The 1970 Clean Air Act Amendments (CAAA) in the United States limited the maximum allowable concentration of airborne total suspended particulates (TSP). As a result, the Environmental Protection Agency designated counties, or more specifically, air regions, as having "nonattainment" status under the new regulations if the monitored TSP concentrations exceeded the limit of 75 micrograms per cubic meter (µg/m3). Counties for which TSP levels were below the threshold were designated as "attainment" counties. Comparisons between attainment and nonattainment counties in the years after implementation of the regulation show a reduction in nonattainment counties' ambient TSP levels of about 10 percent.

In Every Breath You Take - Every Dollar You'll Make: The Long-Term Consequences of the Clean Air Act of 1970 (NBER Working Paper No. 19858), Adam Isen, Maya Rossin-Slater, and W. Reed Walker exploit this regulatory variation in TSP levels over time and across counties to examine whether differences in exposure to TSPs at birth are correlated with long-run human capital measures at age 30. The authors link county of birth to administrative earnings records for residents of 24 states and conclude that a 10 percent decrease in TSPs in the year of birth is associated with a 1 percent increase in annual earnings at age 30. This translates to about $260 per year in 2008 dollars. Most of the difference in earnings capacity results from differences in the number of quarters worked rather than from differences in full-time wages. In 1972, there were about 1.5 million births in nonattainment counties, implying a cumulative earnings increase of about $6.5 billion annually per cohort. Assuming these effects are persistent over the lifetime earnings profile, the authors calculate that improved early-life air quality is correlated with total lifetime earnings gains of $4,300 per individual.

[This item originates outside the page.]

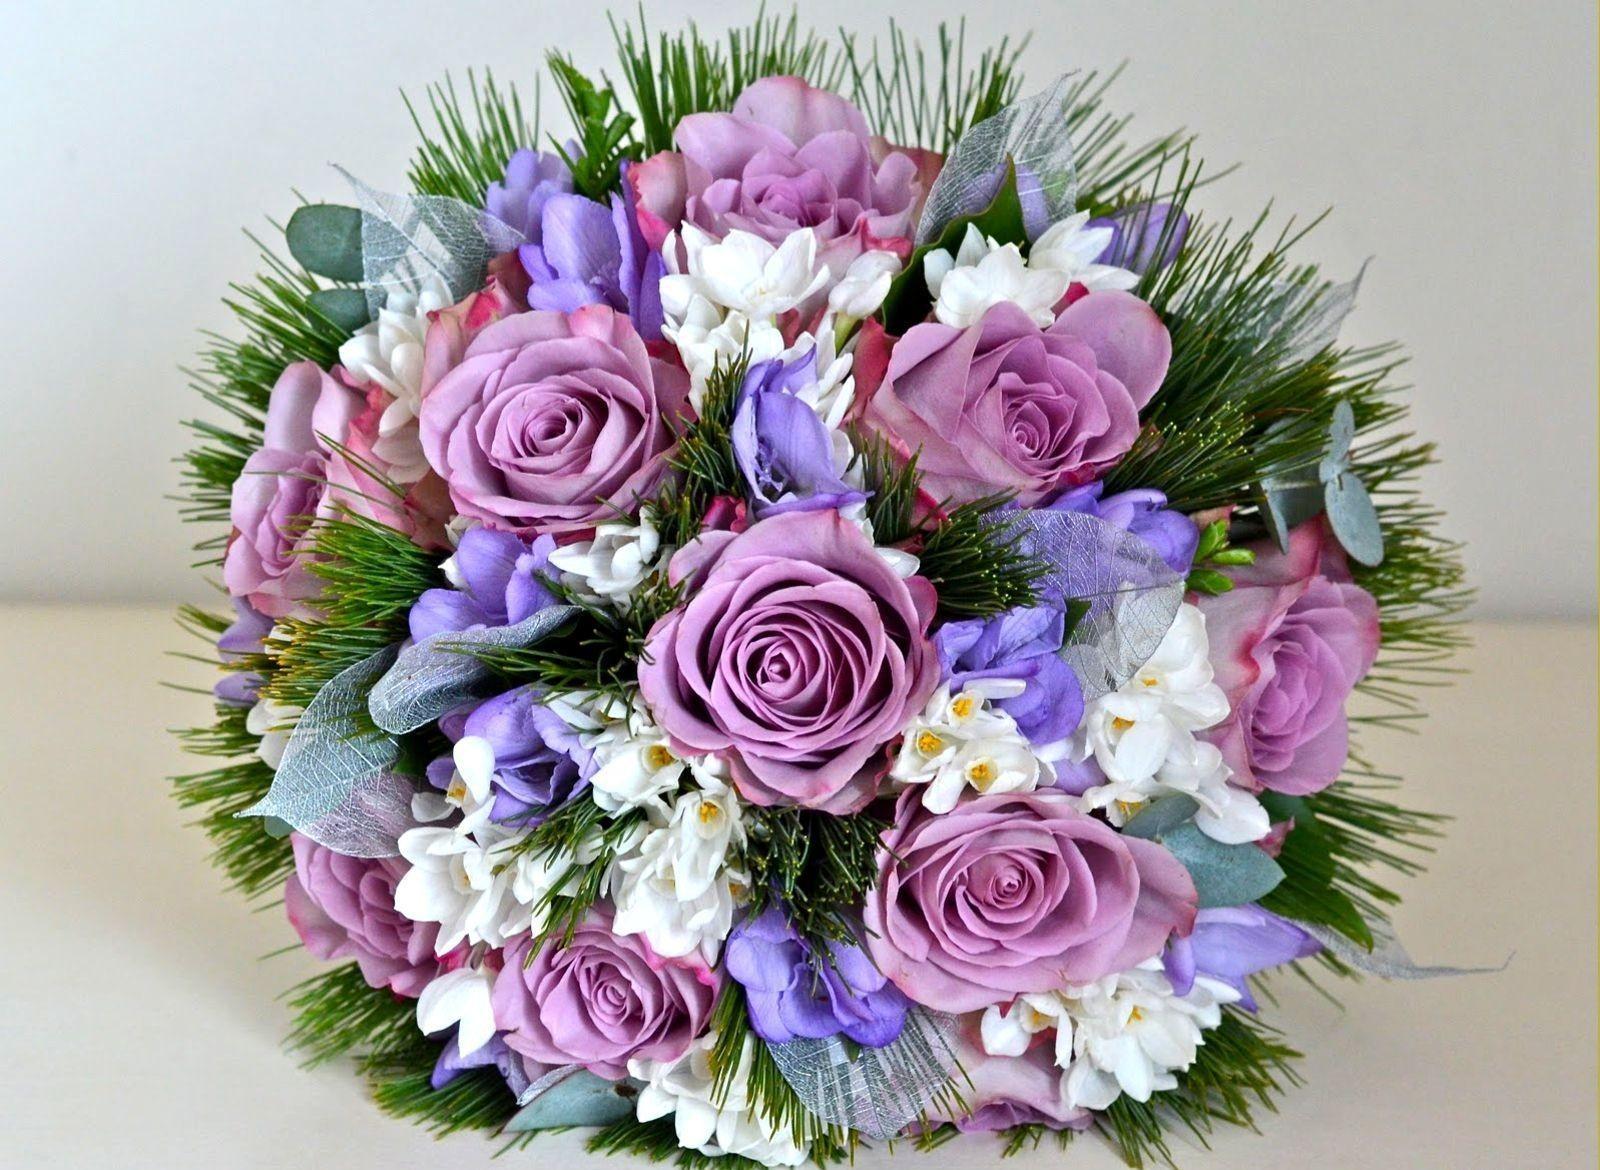 hintergrundbilder lila gr n blume dekoration rosen strau bl tenblatt verkauf sch n. Black Bedroom Furniture Sets. Home Design Ideas

The authors use administrative earnings records from the Census Bureau's Longitudinal Employer-Household Dynamics file to link city and state of birth with later life earnings measures. The authors combine the administrative records with data from the Bureau of Economic Analysis's Regional Economic Information System and the National Center for Health Statistics to control for observable, time-varying determinants of later life outcomes that may be correlated with pollution in the year of birth. They find no evidence that family and child characteristics are differentially changing across counties in a manner correlated with the policy implementation.